Grobe, the landlord of the Silver Cricket, only rolled his eyes when John informed him that this was his wife (“Oh, aye, right …”), but shrugged at her offer of help. “Long as I've got cups to put the ale in when I need 'em, you can split the leavings with whom you choose. We're near out of punch, though—”

“I'll get some started.”

“I'll get some started,” corrected Jenny, who had experience with John's erratic attention span when it came to cooking. She found a scarf and tied it over her head: Gnomish trousers were disregarded among farm women, but a woman with her head uncovered would get unwelcome stares. “You bring me in some kindling.” As Grobe's wife had quite enough to do serving in the ordinary itself, Jenny was welcome in the kitchen, carving slices from the roast on the blackened stone hearth and loading platters with ducks, poults, beef, and fish stew. “I've missed you,” she said, meeting John in the scullery door with a basket of dirty ale-mugs on her hip. “John, I never—”

He put a hand on her shoulder and looked down into her eyes. “Another apology and I'll beat you.” He drew her to him again, kissed her, his mouth tasting of honey mulled with cinnamon. “If we start in like that we'll both be sayin' we're sorry for the rest of the night, if not the rest of our lives—or I will be, anyway. Ian's all right, you know. He was doin' better when I rode out—”
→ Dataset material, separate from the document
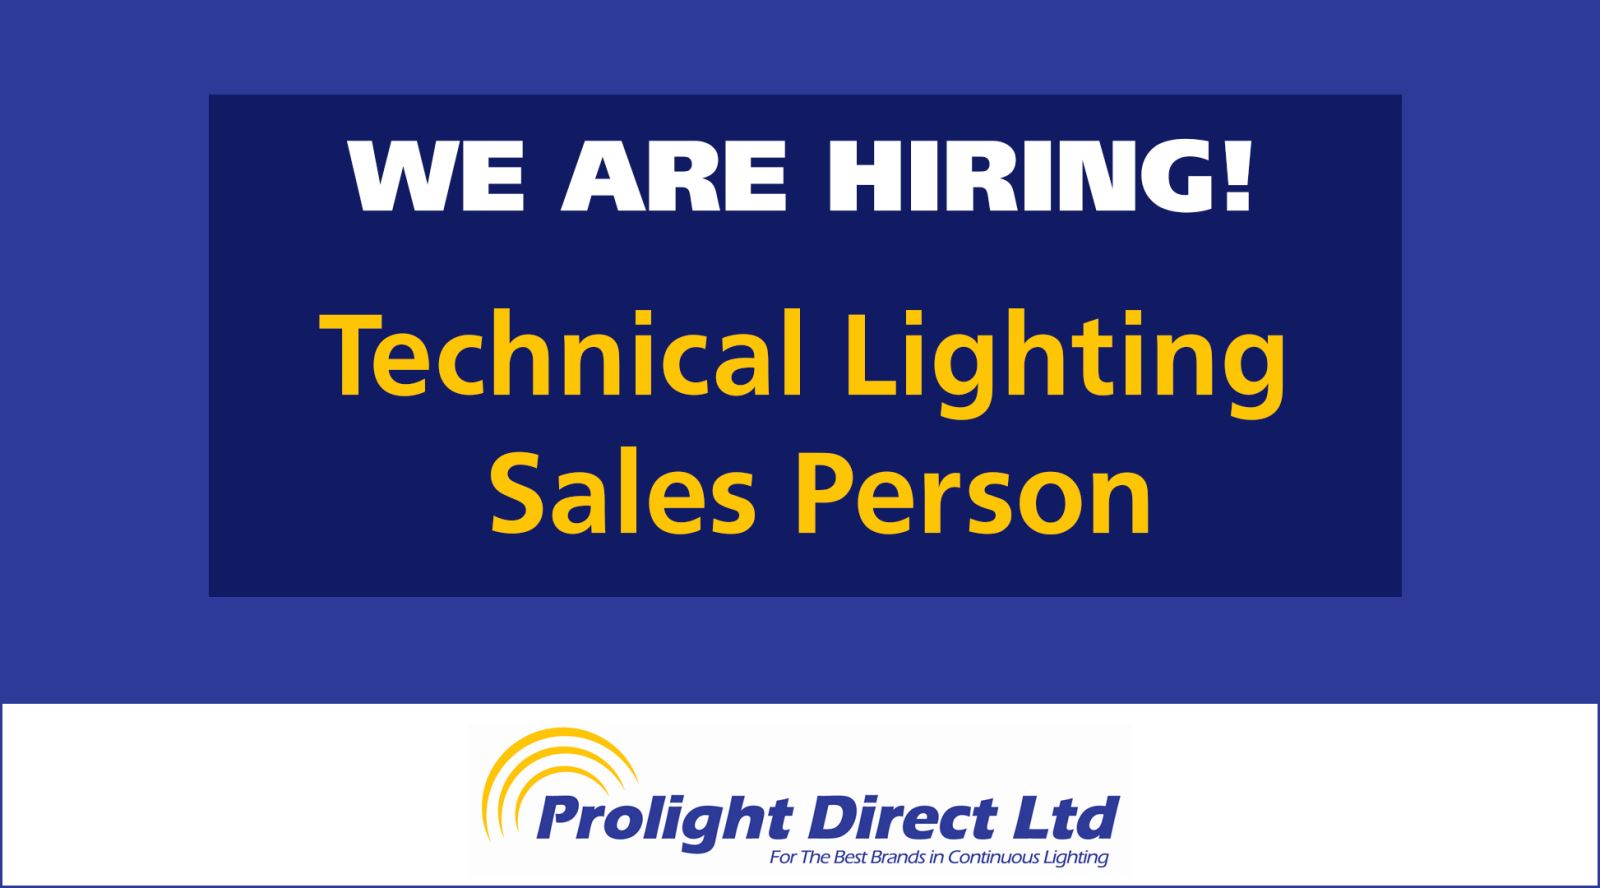 Prolight Direct Ltd Job Vacancy

“I've seen him. We rode together to Eldsbouch—”

“We've got three wanting duck,” called out Mistress Gowla through the kitchen door, and John took the ale-cups and disappeared into the scullery while Jenny went to serve up scorched birds and plum sauce.

Only when the supper customers were done and Grobe brought in the last of the platters (“What with the killings in the streets, there's not many will walk after dark.”) were John and Jenny able to retreat to a corner of the kitchen for a meal of meat drippings and bread pudding, honey and ale, the dogs watching every bite with mournful intensity from the warmth of the hearth. “I told Gar to meet me at moonrise, where the east road runs into the trees.” John poured out ale for them both from a boiled leather pitcher. Whatever Mistress Gowla's virtues as a homemaker, Jenny reflected, as an alewife she left a great deal to be desired: The brew was muddy and cloyingly sweet. No wonder the place hadn't many customers once dinner was done. “I don't know if he will. He's that set on not ‘deserting’ the baby Trey's carryin'.… God's granny knows what we'll do about that, because you know it's a demon.”